2.5. De conclusie is dat hetgeen [appellant] heeft aangevoerd geen aanleiding geeft voor het oordeel dat het college zich niet in redelijkheid op het standpunt heeft kunnen stellen dat het plan op dit punt in strijd is met een goede ruimtelijke ordening.
In het aangevoerde wordt evenmin aanleiding gevonden voor het oordeel dat het bestreden besluit in zoverre anderszins is voorbereid of genomen in strijd met het recht.
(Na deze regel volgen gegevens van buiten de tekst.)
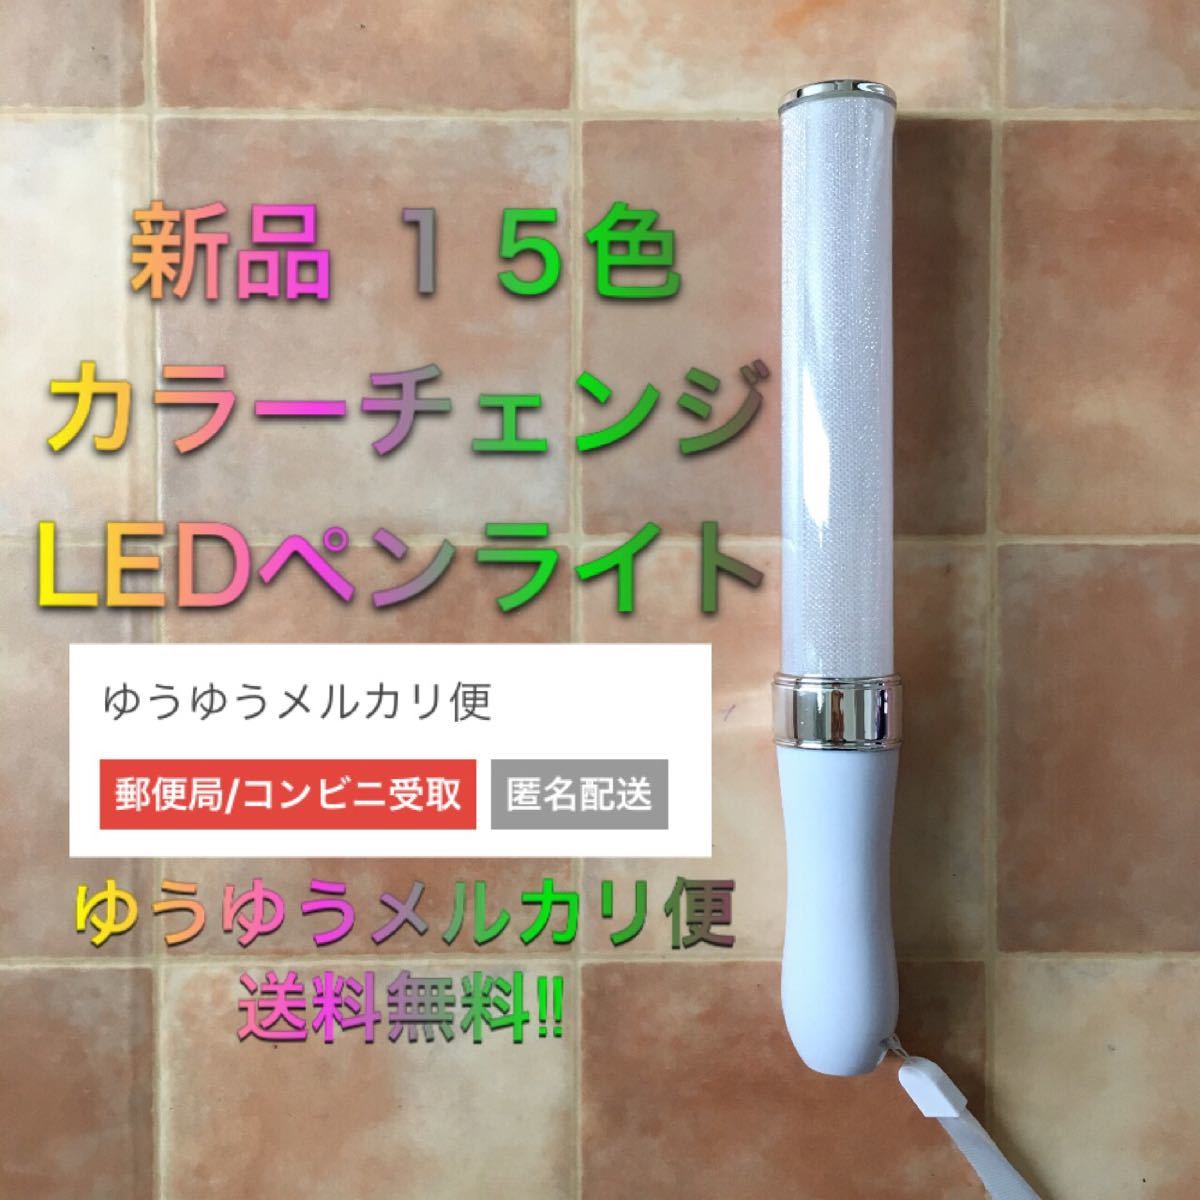 新品 LEDペンライト キンブレ アイドル 応援 ライブ コンサート
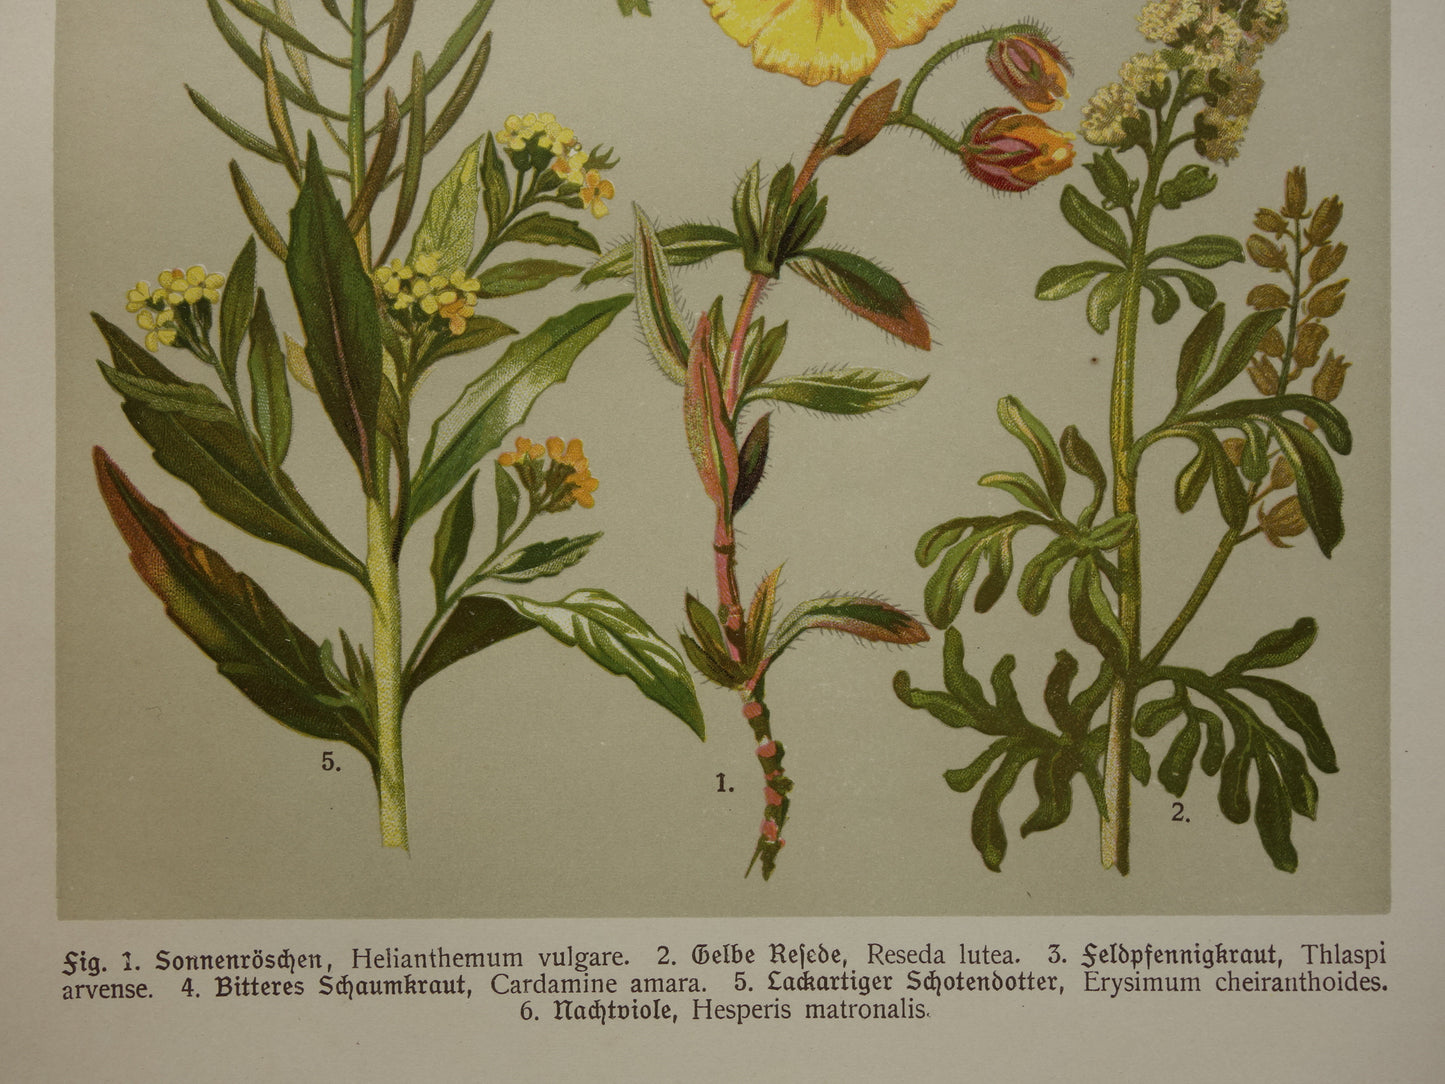 Antieke botanische prent Geel zonneroosje Gewone steenraket originele oude illustratie Damastbloem Bloemen botanie prenten

Het beroep van [appellant] is ongegrond.
2.6. Voor een proceskostenveroordeling bestaat geen aanleiding.
De Afdeling bestuursrechtspraak van de Raad van State
Recht doende in naam der Koningin:
verklaart het beroep van [appellant] ongegrond.
Aldus vastgesteld door mr. T.C. van Sloten, lid van de enkelvoudige kamer, in tegenwoordigheid van mr. B.C. Bošnjaković, ambtenaar van Staat.